In 2006 von Buhler wrote and illustrated The Cat Who Wouldn't Come Inside with dual credits as author and illustrator. The book, based on a true story, featured painted clay characters in detailed architectural sets. Book Sense named the book as a Children's Pick for Winter/Spring 2006/2007 for its "beautiful story" and "extremely detailed sets." Kirkus Reviews called the illustrations "unique" and "eye-popping," providing "a glimpse of a world beyond the frame" and pronounced the book "a sheer delight." Publishers Weekly thought "readers ... may well be entranced" by the "considerable magic" of von Buhler's illustrations, while Time Out New York called the book "beautifully ornate," and "the cat's meow." The book was also chosen as Teacher's Picks: Best of 2006 by Parent & Child magazine.

In 2009, von Buhler took a second turn as author and illustrator with But Who Will Bell The Cats?. The book's illustrations feature handmade architectural sets, cinematic lighting, and paper doll oil paintings of the characters in action. Kirkus Reviews stated that "young readers will pore over this one again and again," and School Library Journal agreed that "children will find a lot to discover in the details, even after repeated readings." The Nassau County Museum of Art in New York exhibited the book's elaborate miniature sets in a solo exhibition between September 20, 2009, and January 3, 2010. During the summer of 2010 Von Buhler exhibited the miniature sets in an animatronic window display that she created for Books of Wonder in Manhattan. Time Out Kid's did a feature article on the window along with a slideshow showing von Buhler creating it. Elizabeth Bird, a New York Public Librarian, posted a lengthy review of the book on her School Library Journal blog, "Is it wrong that I sometimes want to blow a four-year-old's mind? I've come to the decision that Cynthia von Buhler's But Who Will Bell the Cats? is going to be my library's secret weapon from here on in."

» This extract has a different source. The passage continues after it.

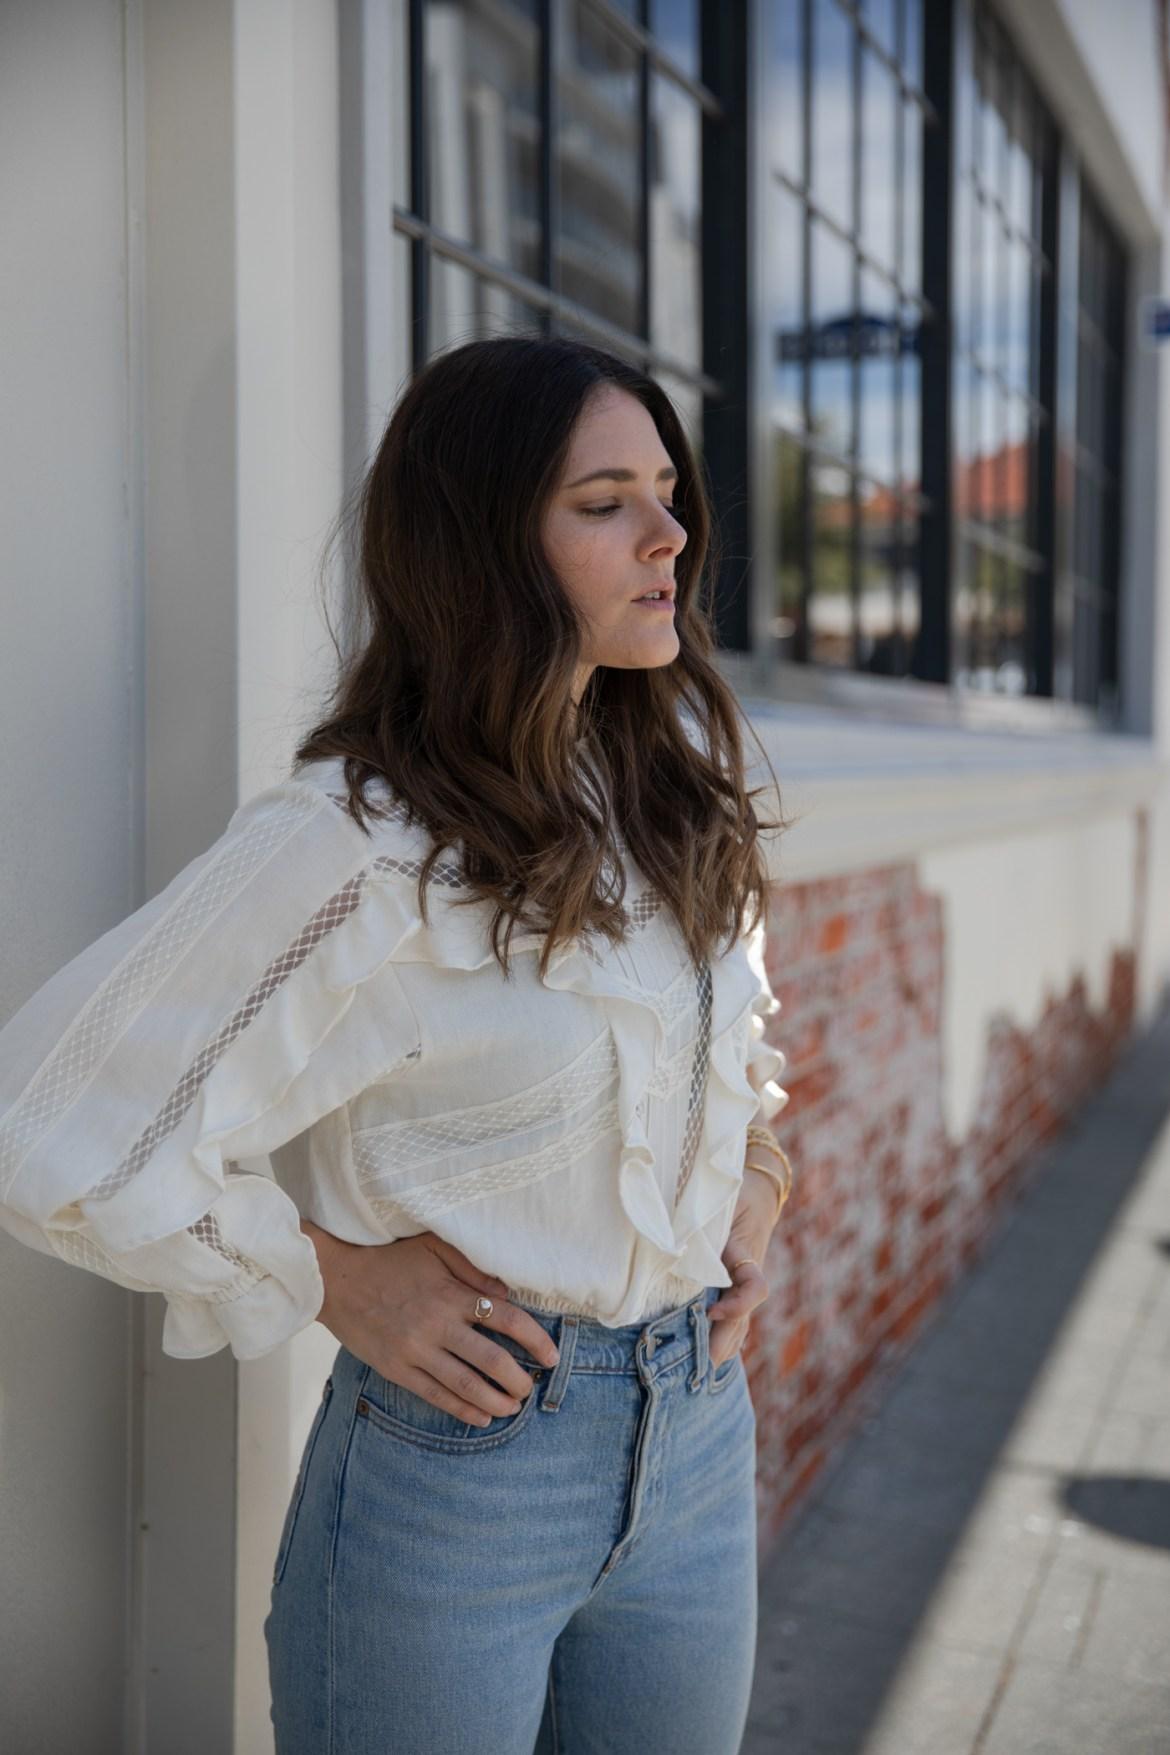 IRO ecru blouse worn with jeans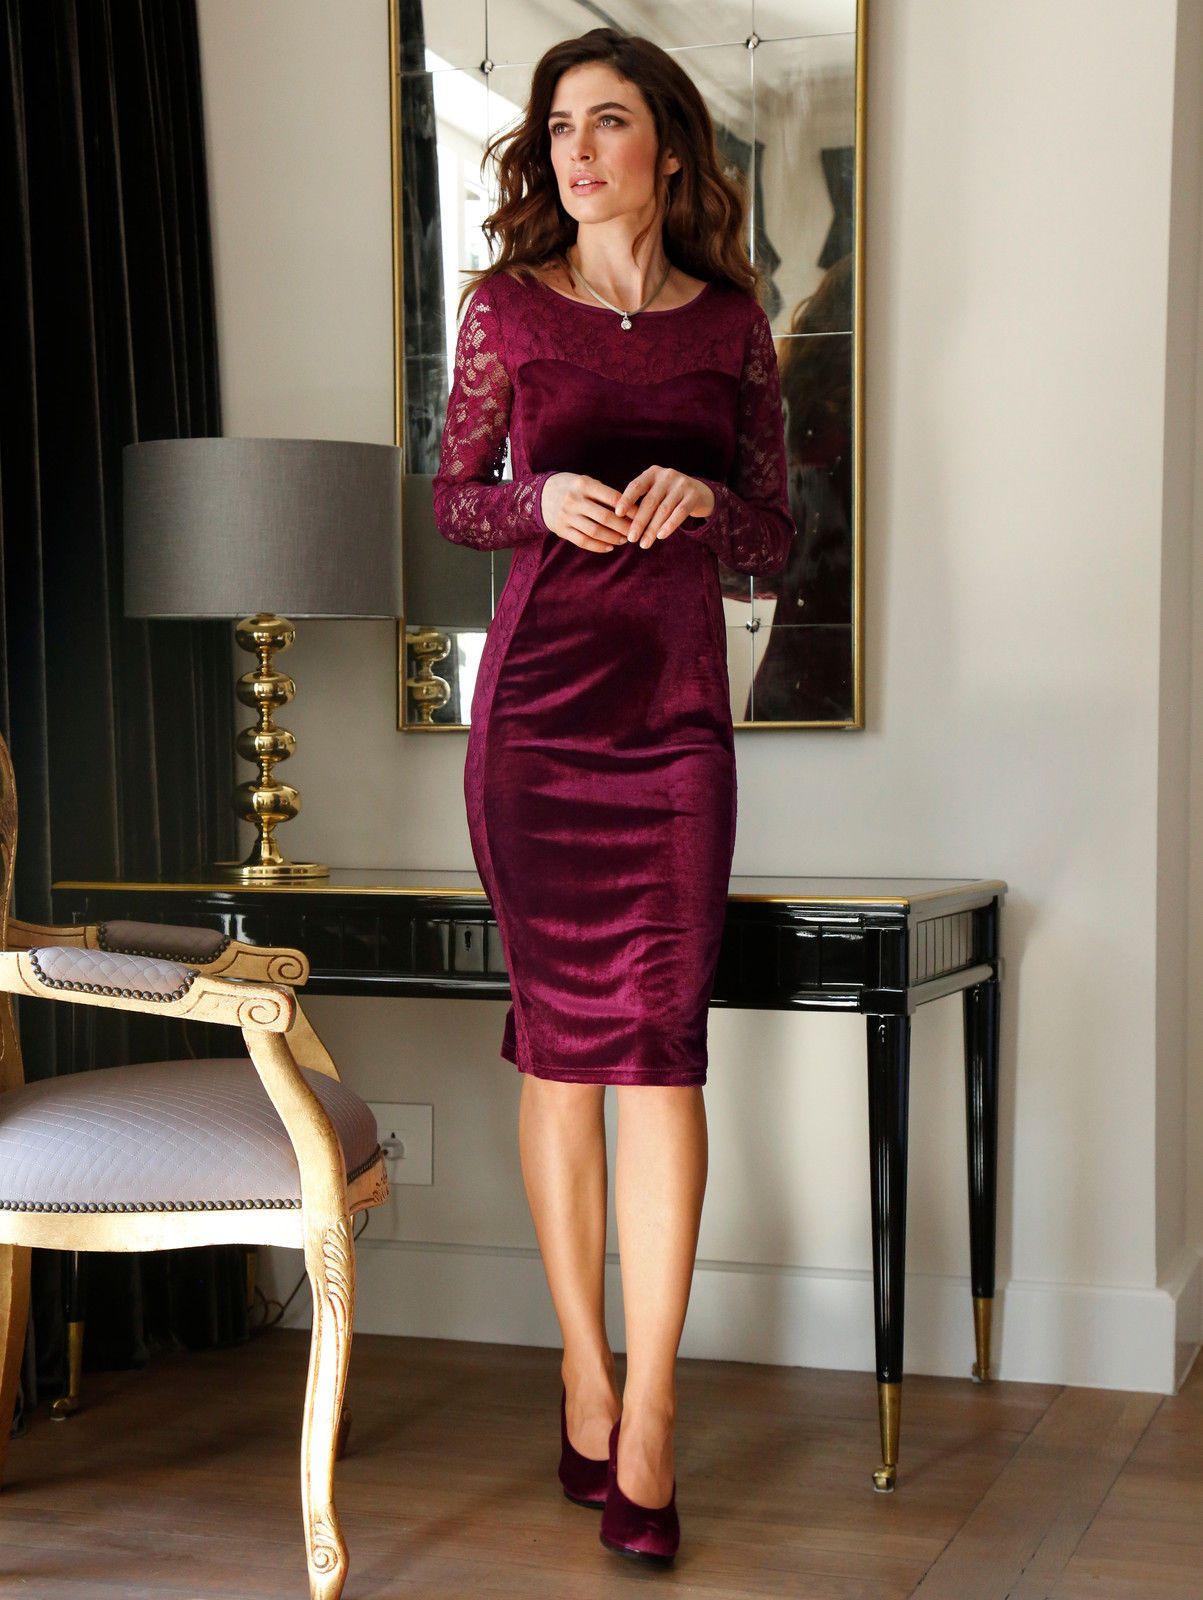 KLiNGEL Samtkleid in schmaler Form Neu | eBay

In 2024, Warner Bros. Pictures Animation picked up von Buhler's upcoming work Forestina for a potential feature film adaptation.

Von Buhler has also illustrated dozens of young adult book covers including Queen's Own Fool by Jane Yolen, The Road to Damietta by Scott O'Dell, and two Newbery Medal winners, The Bronze Bow by Elizabeth George Speare and The Perilous Guard by Elizabeth Marie Pope.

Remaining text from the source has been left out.